Task objective
Copy, word for word, the lines of the listing below from the line with "Beckel Blogger Theme" up to and including the line with "La Comisión Europea". Drop the pictures.

Data supplied
——————

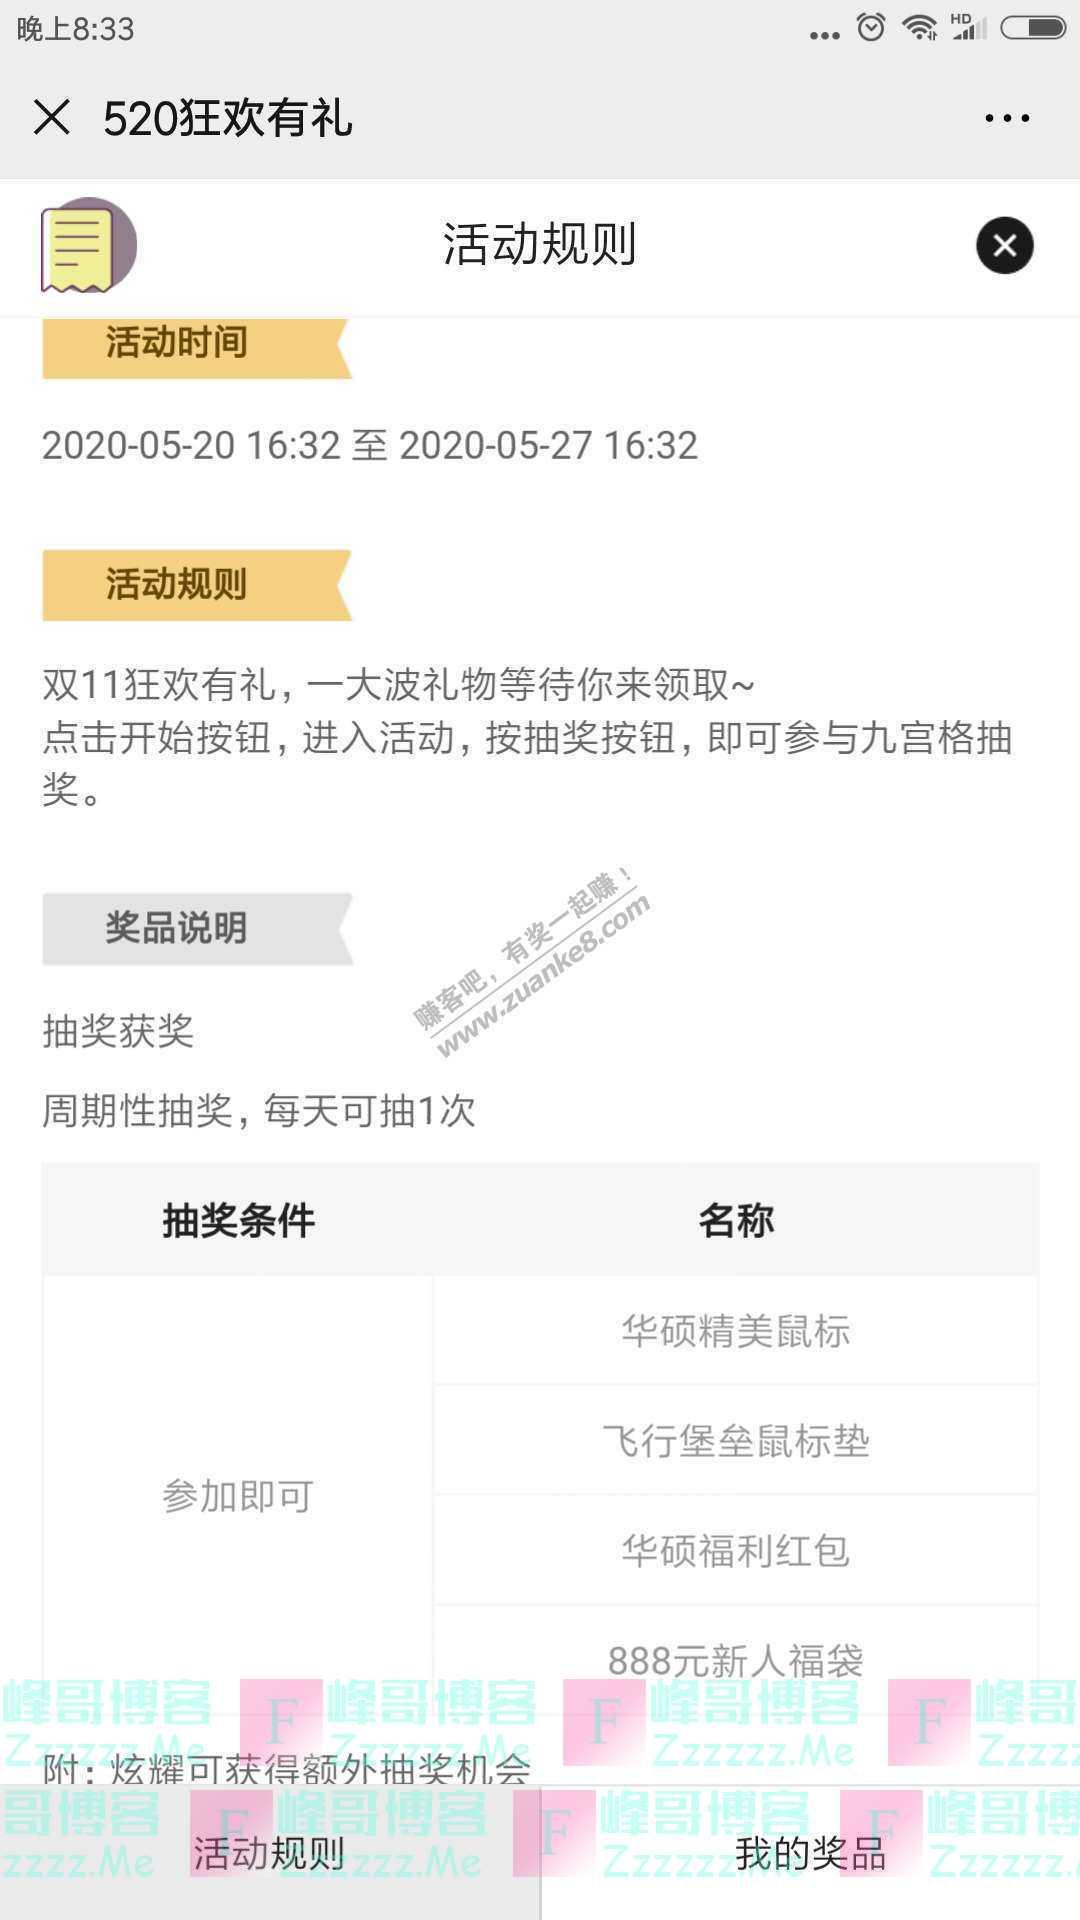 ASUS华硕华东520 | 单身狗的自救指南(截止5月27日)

——————

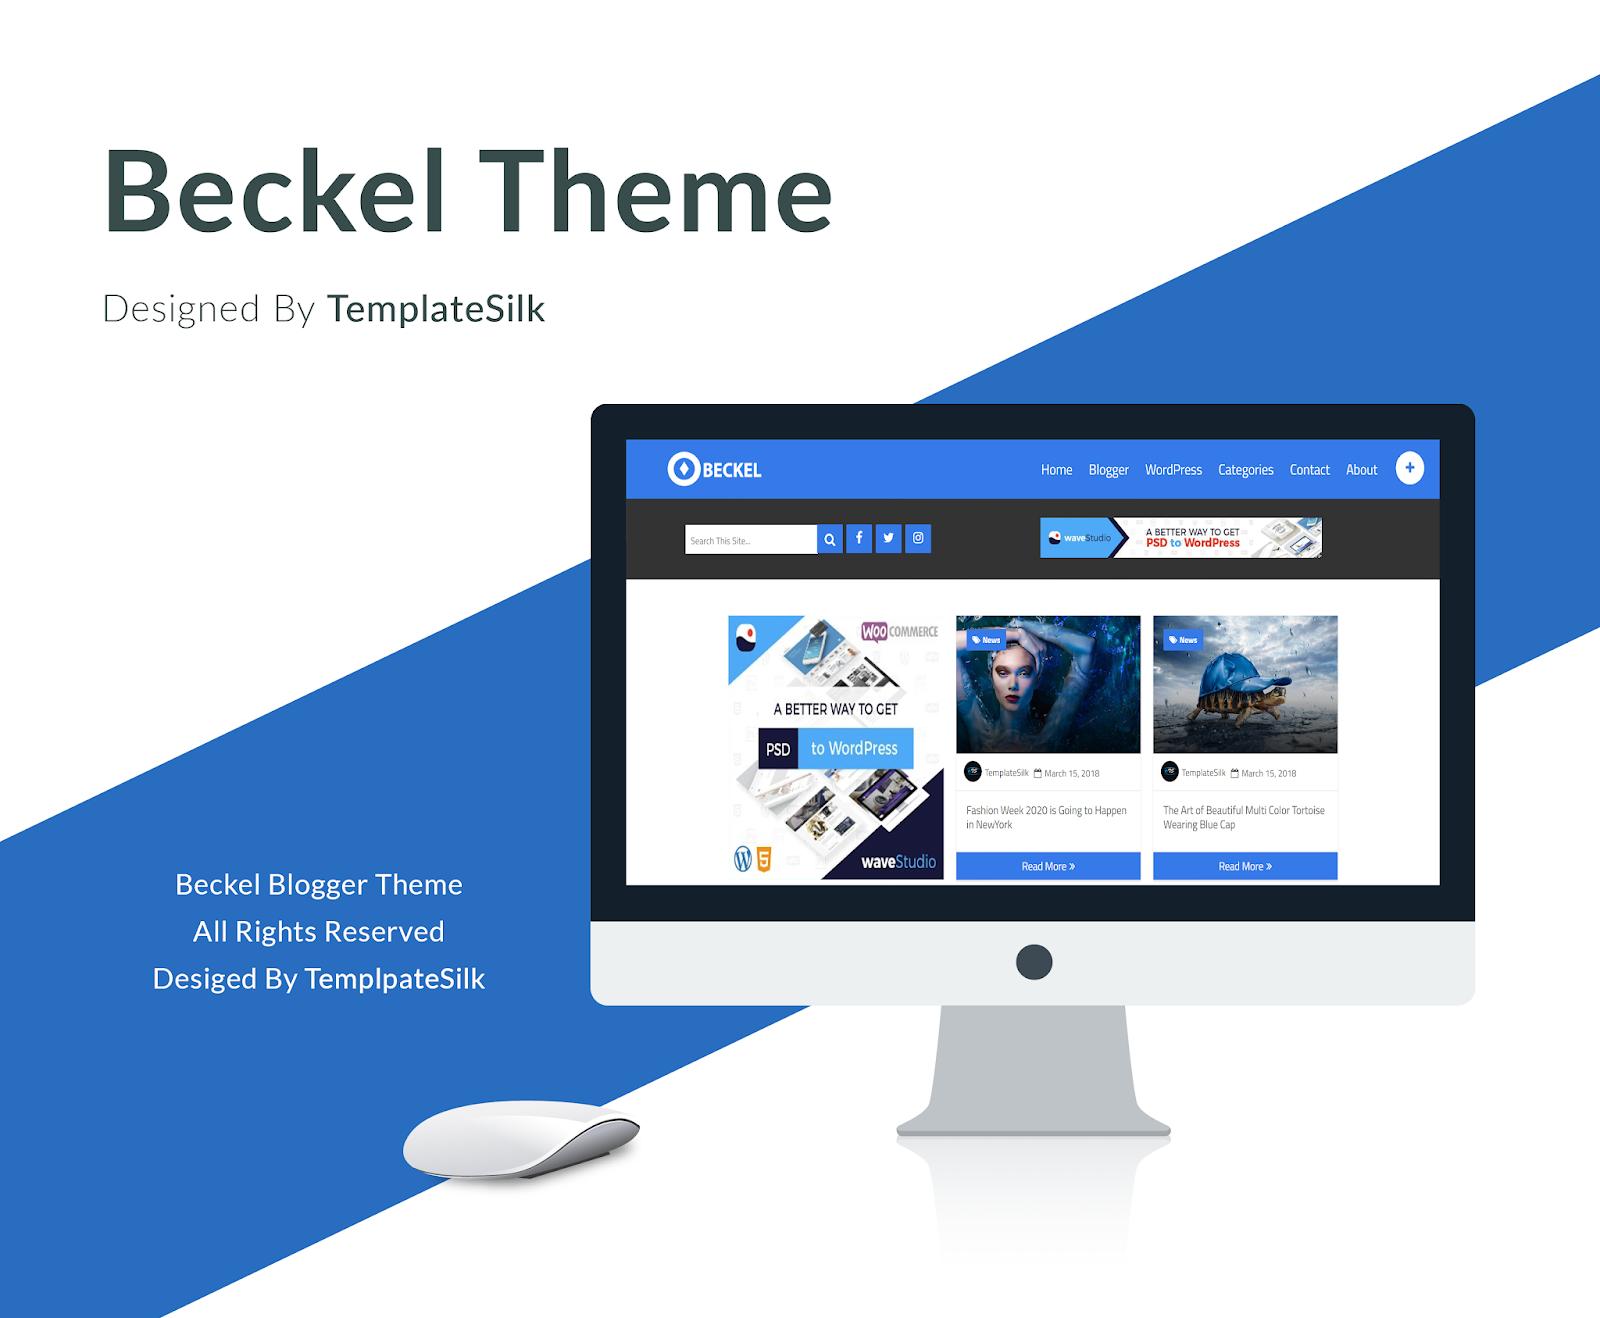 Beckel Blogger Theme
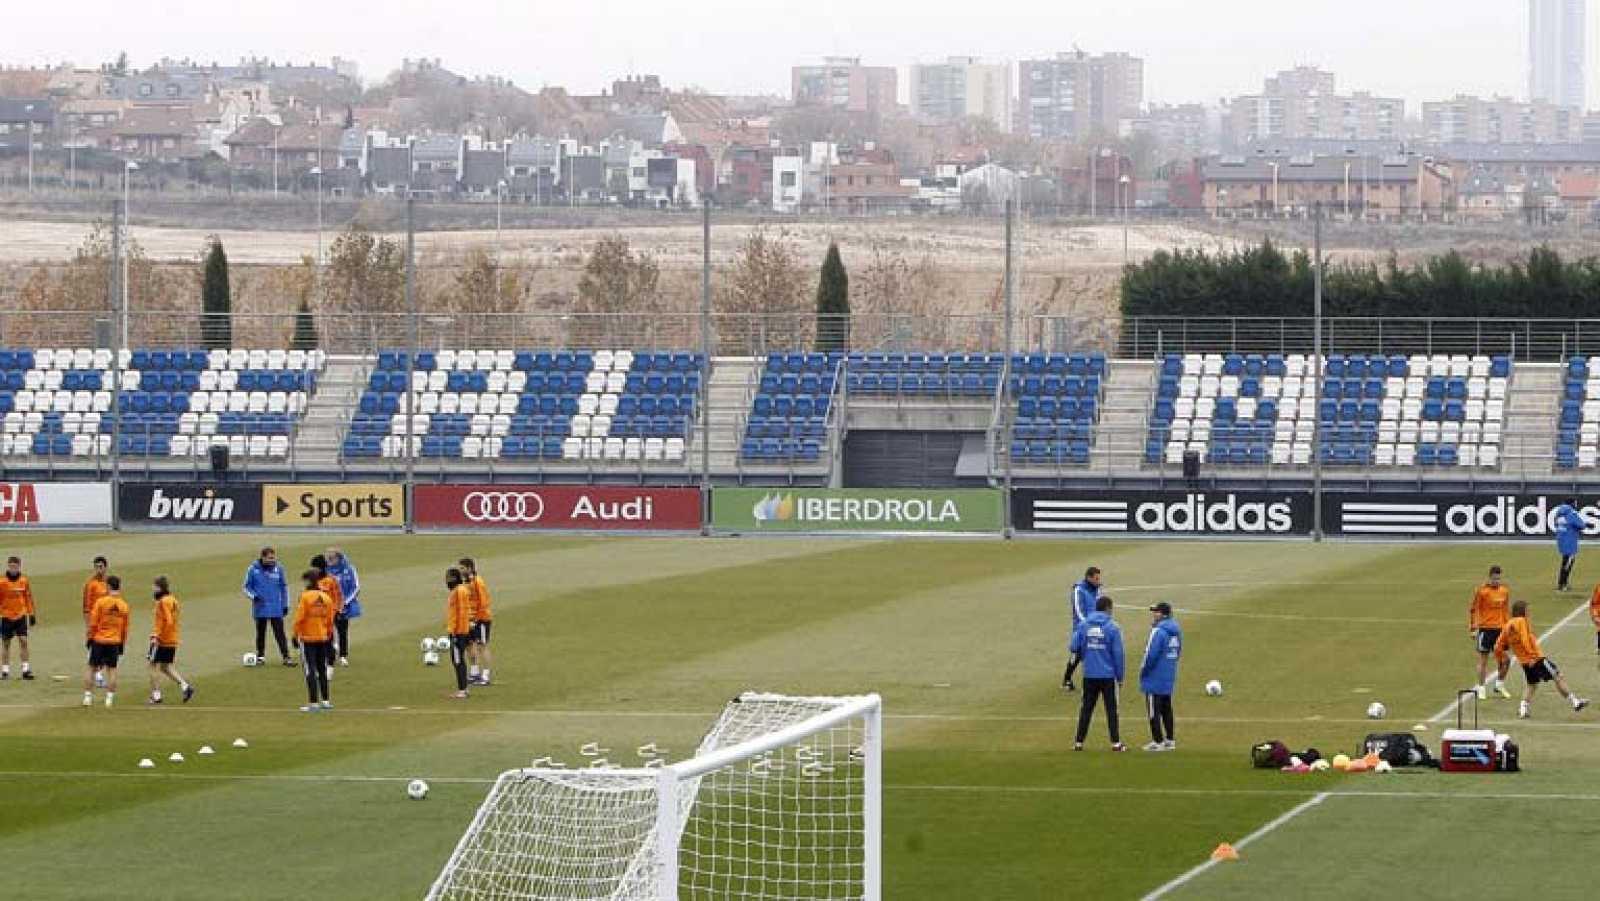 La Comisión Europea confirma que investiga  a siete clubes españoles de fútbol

——————

Task output
 Beckel Blogger Theme
 La Comisión Europea confirma que investiga  a siete clubes españoles de fútbol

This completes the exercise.